In isolation, Britain voting to exit the European Union isn’t expected to have too profound of an effect on global markets.
However, the big risk is actually the likelihood of contagion — the UK’s successful exit could encourage other EU countries such as Spain, France, Greece, etc. to follow the UK's lead and leave. This would have negative economic effects for both Europe and the rest of the world, due to the turmoil it would cause.
The first thing to note about this possibility is that there would likely be a waiting period after the Brexit vote. This is because other eurosceptic countries would want to see what happens to the UK, and what sort of trade deal they end up getting, before they have their own referendums. This would take a minimum of two years, but may take even longer. Canada initiated negotiations for a free trade agreement with the EU back in 2009, and it has still not been ratified.

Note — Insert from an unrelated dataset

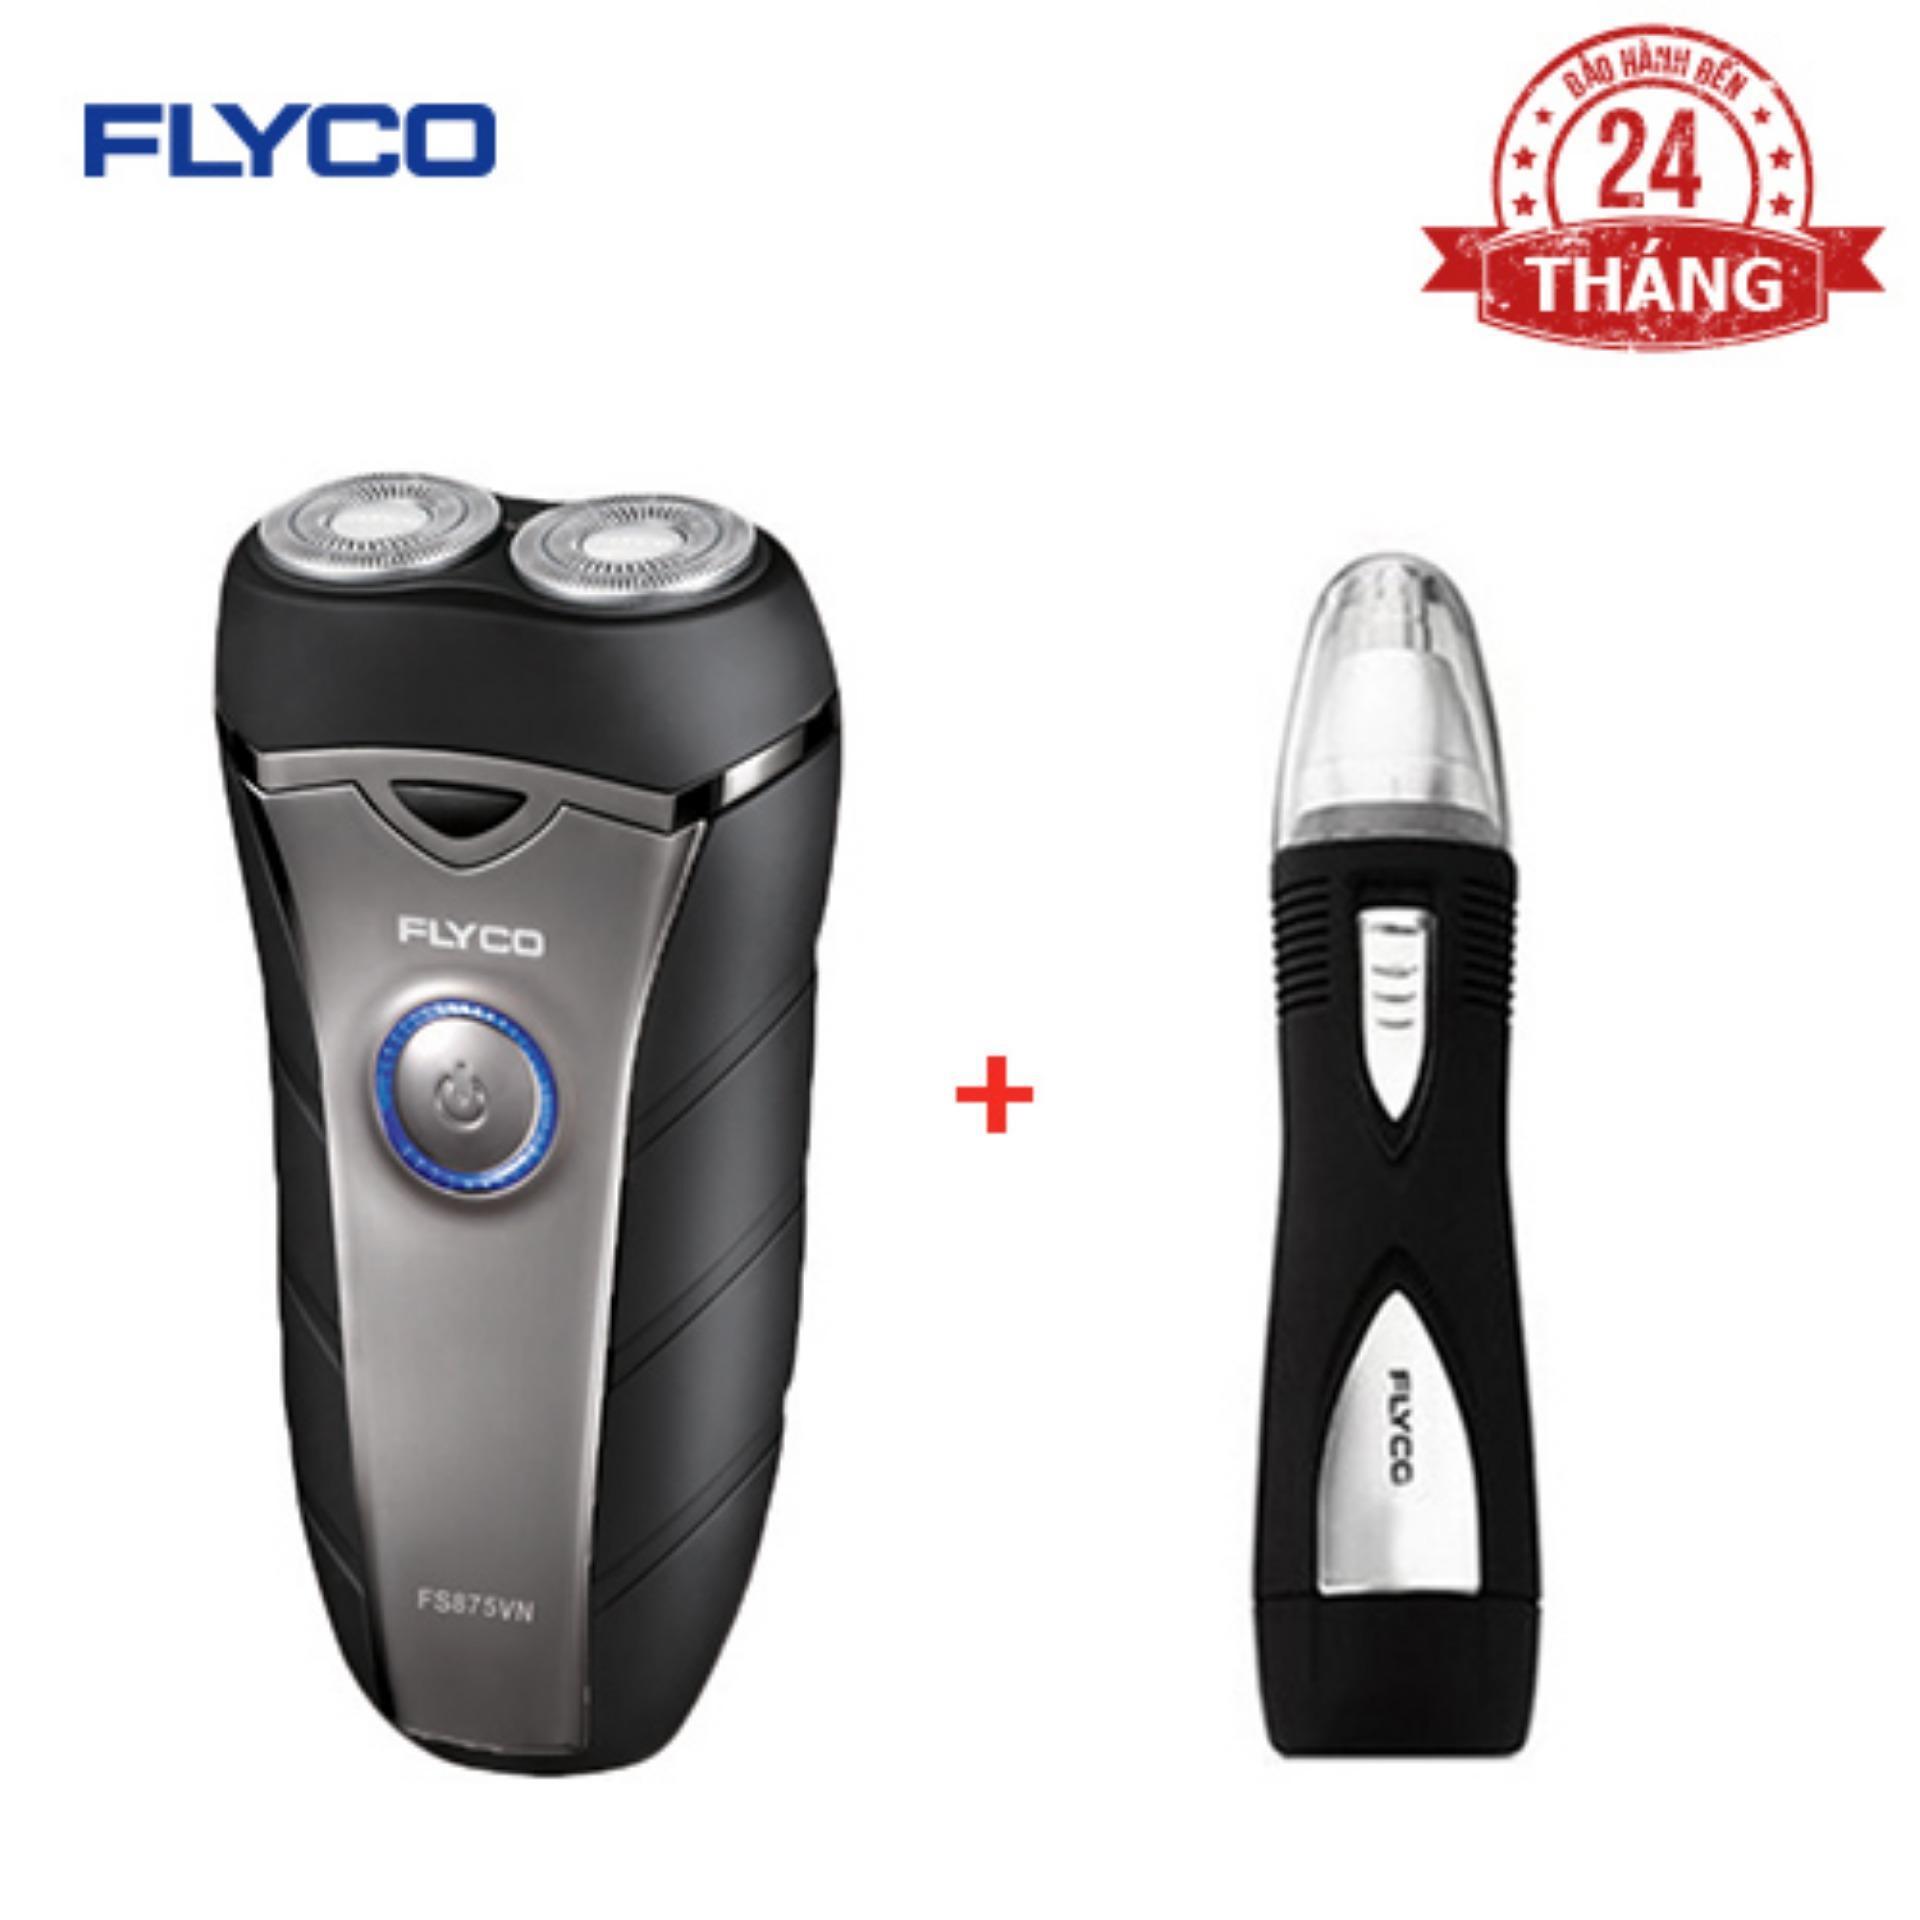 Giá Bộ 1 máy cạo râu Flyco FS 875VN và 1 máy tỉa lông mũi FS7805VN

Morgan Stanley maps out the 4 possible Europe wide repercussions in the chart below:
The absolute worst possible outcome is where Europe breaks up, and the euro itself ceases to exist, which is in the bottom left corner. In such a scenario, Morgan Stanley sees European markets falling as much as 25%-30%, and the euro weakening significantly. However, this is a worst-case scenario.
Morgan Stanley isn't alone warning about this possibility. Bond fund manager Jeffrey Gundlach, whose base-case scenario is for Britain to vote "remain," says that a "leave" vote would be "the beginning of the end of the euro zone."

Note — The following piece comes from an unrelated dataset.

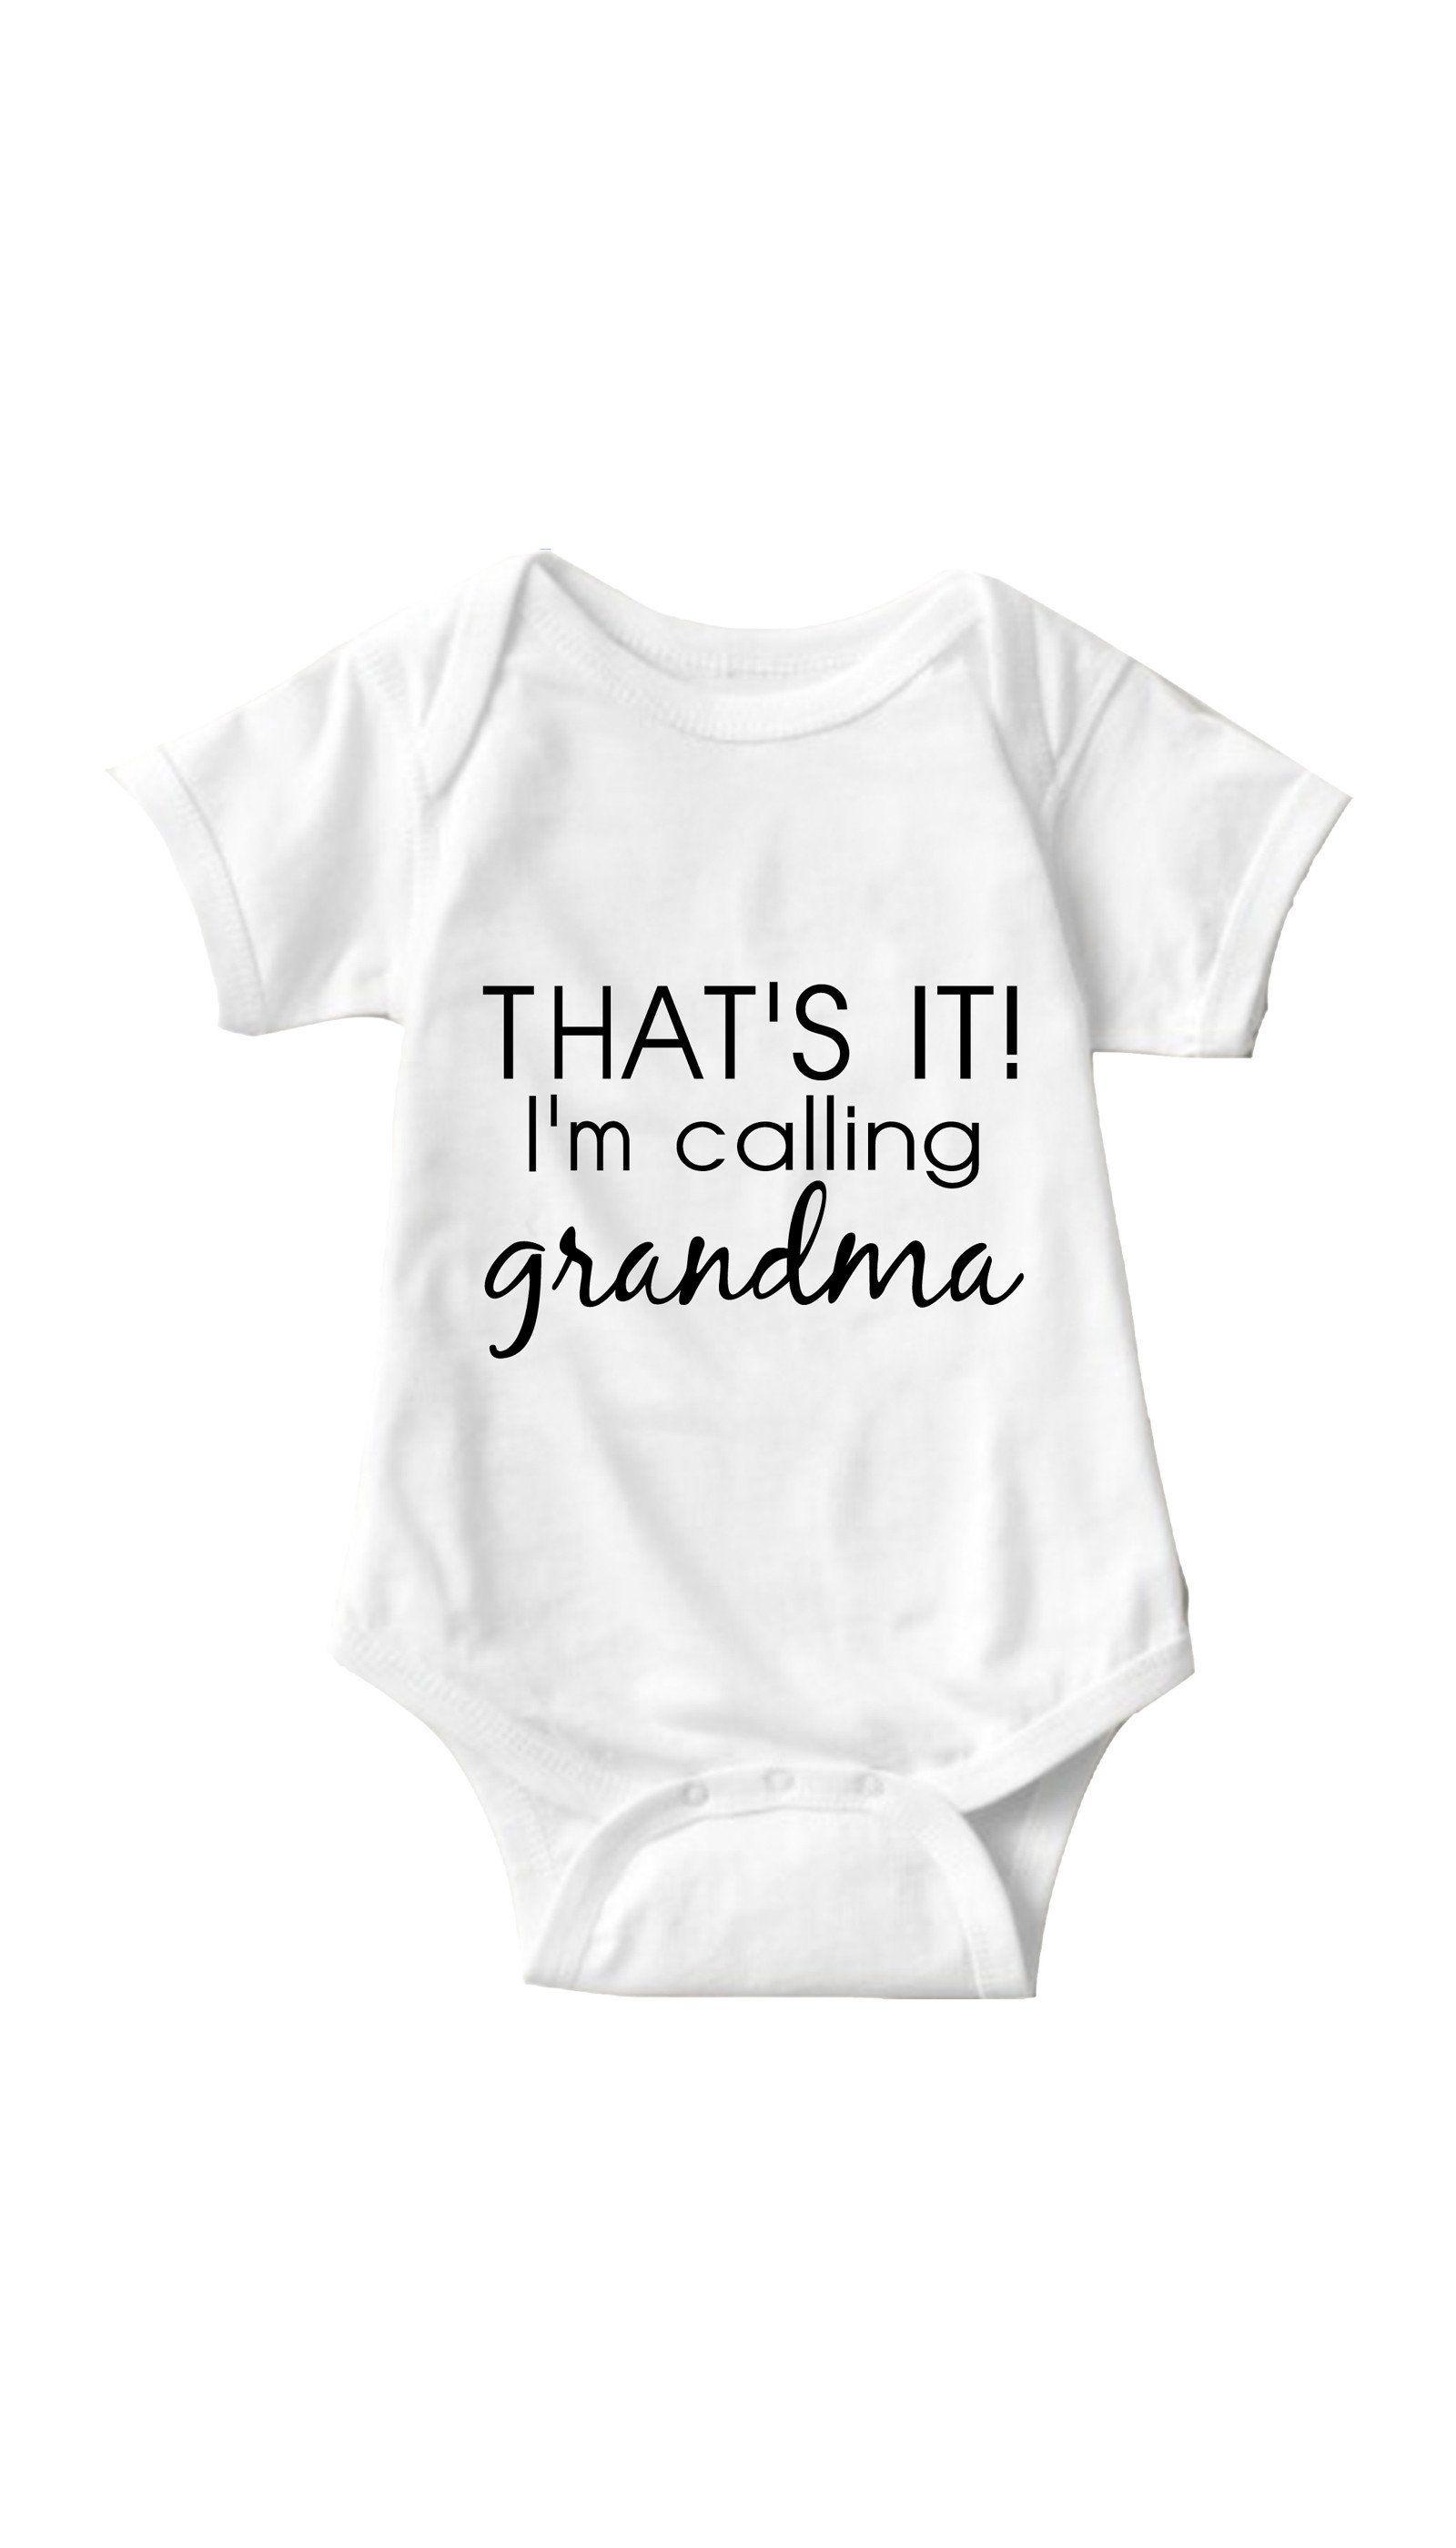 089289e3240 That's It I'm Calling Grandma Infant Onesie | Kingitused lastele ...

The risk for Brexit emboldening euroscepticism is also very real — Pew Research found the unfavorability rating for the EU in multiple countries is already worryingly high.

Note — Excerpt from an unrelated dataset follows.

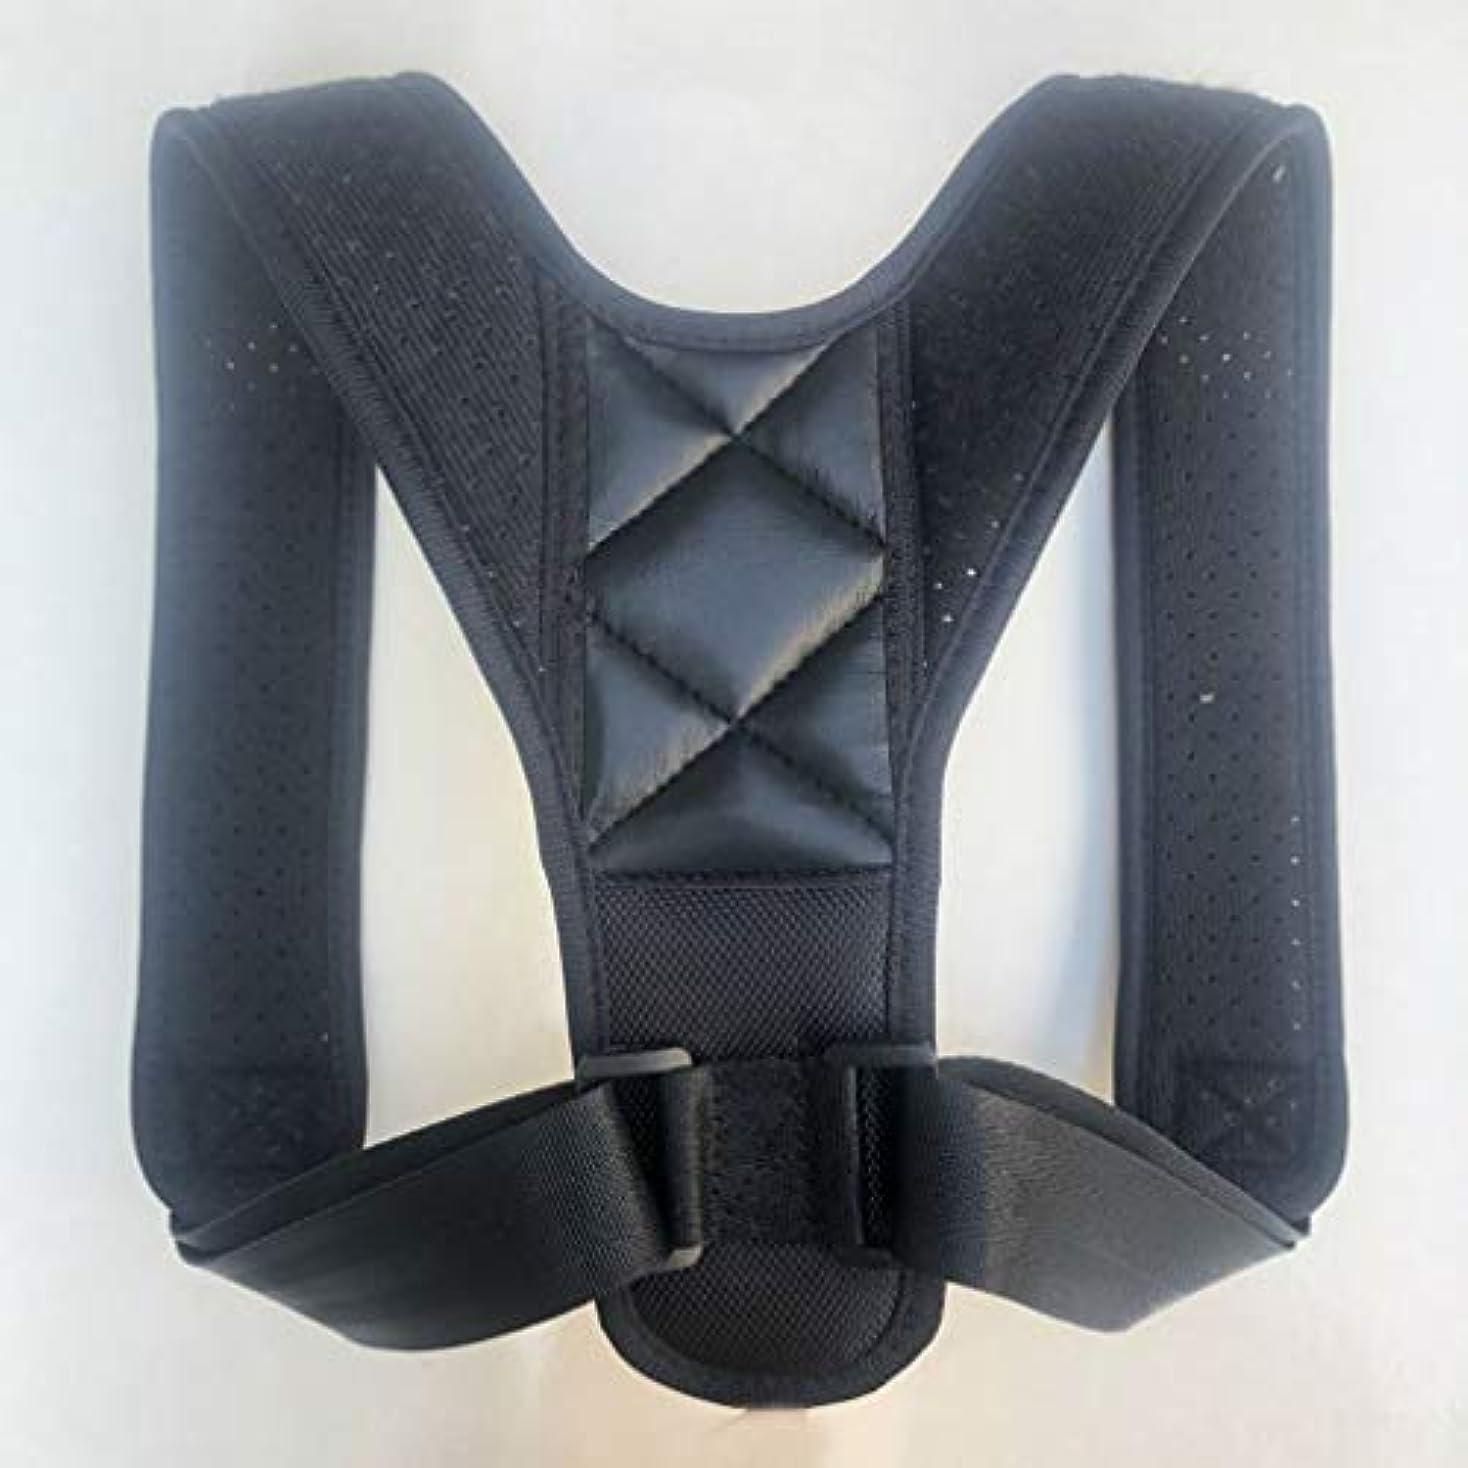 話す最大の泣くUpper Back Posture Corrector Posture Clavicle Support Corrector Back Straight Shoulders Brace Strap Corrector

France is especially problematic, given that it is the second largest economy in the EU. The other two big economies, Germany and Spain, are also essentially even in terms of favorability.
"The potential for additional referendums could be more disconcerting if it threw the notion of a unified European economy into doubt," Citigroup analyst Tobias Levkovich said. "In this respect, the Brexit vote itself is less important than a series of follow-on votes around the Continent."
Despite this, Pew did find that a very large majority, around 70%, of the overall EU population still believes that Brexit would be bad for the EU. People may disapprove of how the EU is doing right now, but that doesn’t necessarily mean they want to leave it just yet.
Given that actual referendums aren’t likely to take place until people see more the longer-term results of Brexit, tracking negative sentiment towards the EU over the coming months (regardless of which way the vote goes) is critical for all investors.
In fact, Levkovich believes increasing euroscepticism would likely be a big negative for American investor sentiment as well, even though the US’s direct sales exposure to Europe is not incredibly high.
So, while there are plenty of ways to downplay the Brexit vote, there seems to be no shortage of uncertainties that are being born out of it.